Like Seamus, all of us who are saddled with the desire to write these days may need to have the wisdom to shut up sometimes and just sweep the floor, just devote ourselves to some useful work, however conventionally menial or minor, while we detach and detox from our inner glory hound and listen in silence to the world around us and within us. If we’re meant to write, anything of value that might come from doing it will arise out of that kind of inner attitude and outer practice, not from a frenetic grasping for validation via shares or click counts.
To conclude with a quotation from one of my favorite fictional characters, Kwai Chang Caine, whose pseudo-Buddhist utterances entranced me during my adolescence when I exulted in reruns of Kung Fu on WGN on Saturday afternoons in the 1980s: “If one’s words are no better than silence, one should keep silent.” (In this case he was actually quoting Confucius, but I didn’t know that at the time.) I can’t think of a more countercultural attitude to adopt in the world at large today. I also can’t think of a more deeply beneficent and healing one for writers in particular, including me, to adopt.
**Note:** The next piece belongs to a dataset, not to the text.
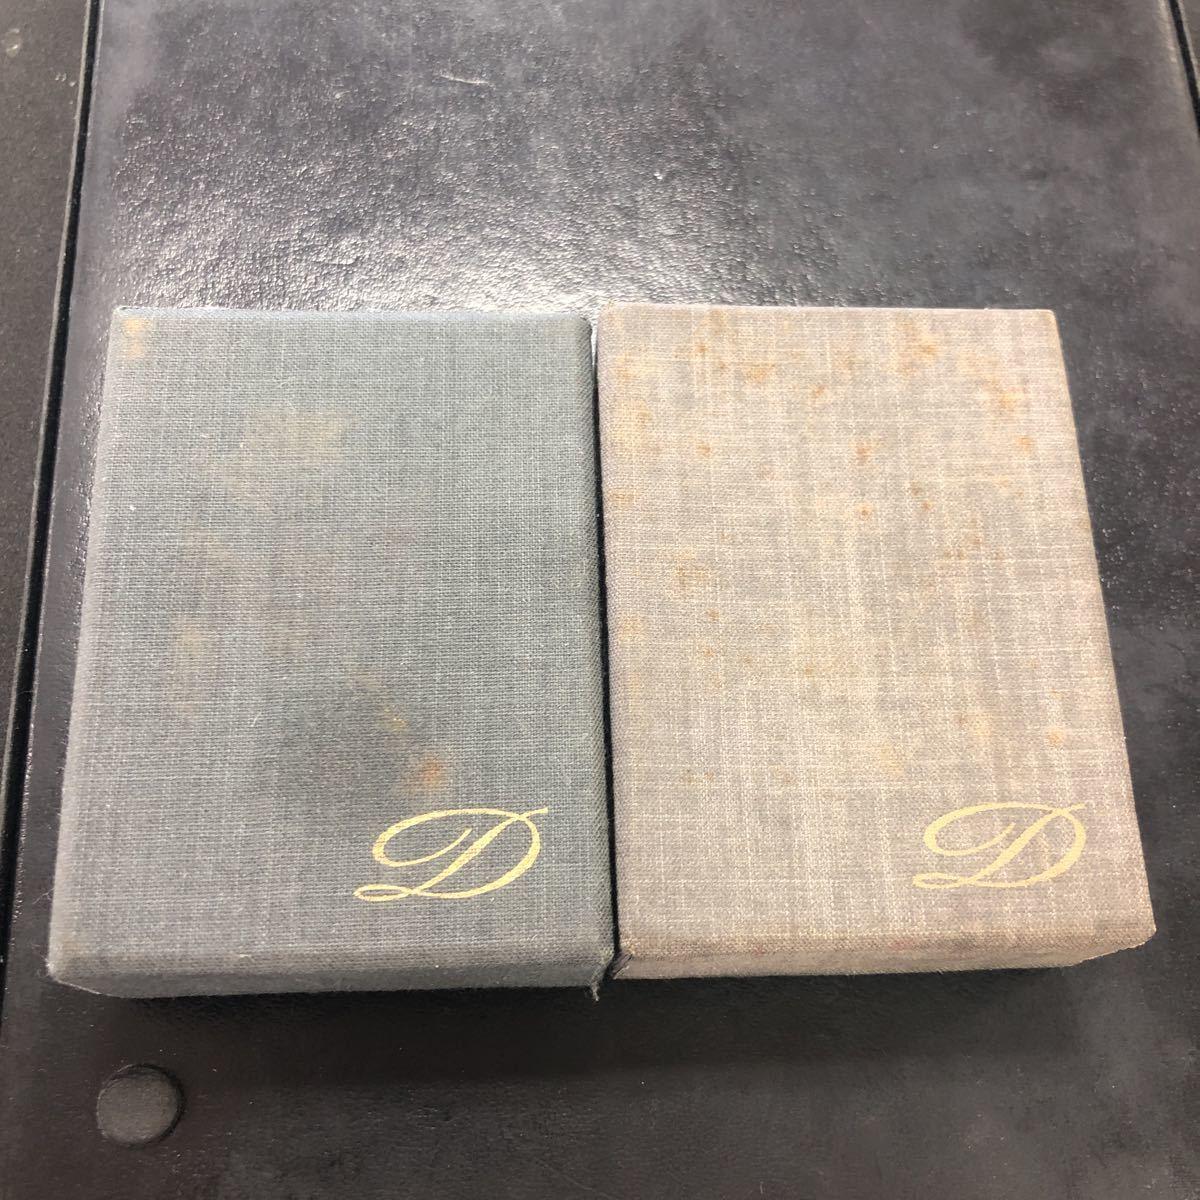 【ジャンク品】Dupont デュポン ガスライター シルバー色 ゴールド色 計2点 箱付き ギャラ 取説_画像10
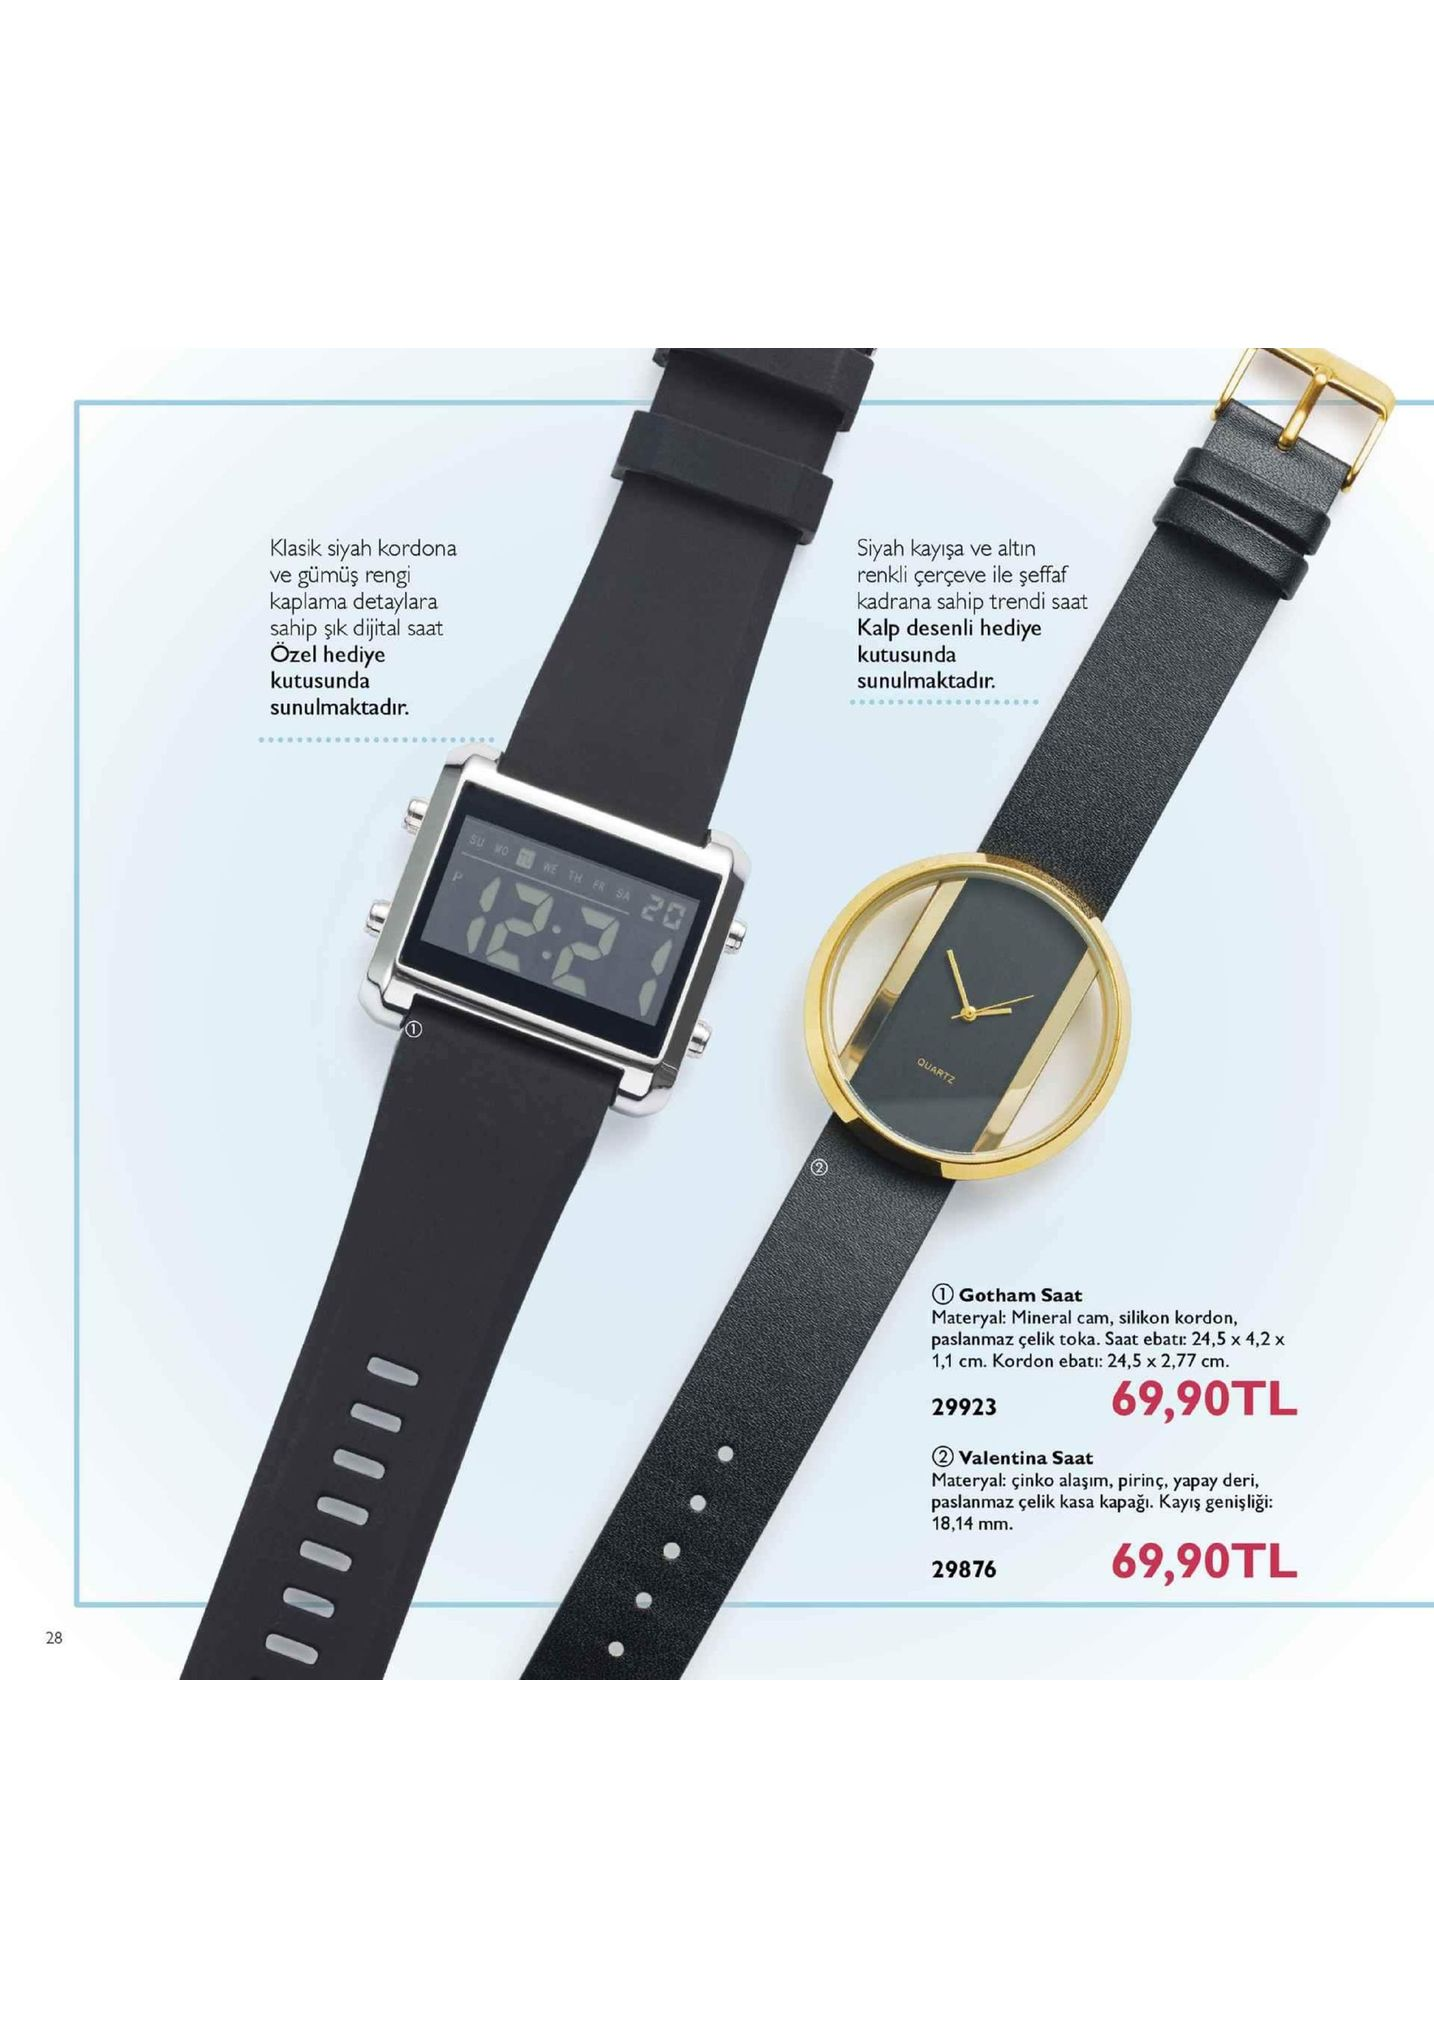 klasik siyah kordona ve gümüş rengi kaplama detaylara sahip şık dijital saat özel hediye kutusunda sunulmaktadır siyah kayışa ve altın renkli çerçeve ile şeffaf kadrana sahip trendi saat kalp desenli hediye kutusunda sunulmaktadır. quartz 1 gotham saat materyal: mineral cam, silikon kordon, paslanmaz çelik toka. saat ebat: 24,5 x 4,2 x 1,1 cm. kordon ebati: 24,5 x 2,77 cm. 29923 69,90tl 2 valentina saat materyal: çinko alaşim, pirinç, yapay deri, paslanmaz çelik kasa kapağı. kayış genişliği: 18,14 mm. 29876 69,90tl 28

All too true in our present time. I love the Confucius quote. Sometimes talk is just another form of breaking wind. That's a Jerry Martin quote. Be well!
Caine was my hero as a boy in the 70s. I loved his wisdom. I always liked an anti-hero or the bad guy. When we played cops and robbers, I was the robber. But Caine was one of the few heroes that bucked the trend of squareness in my little eyes. He was an outsider.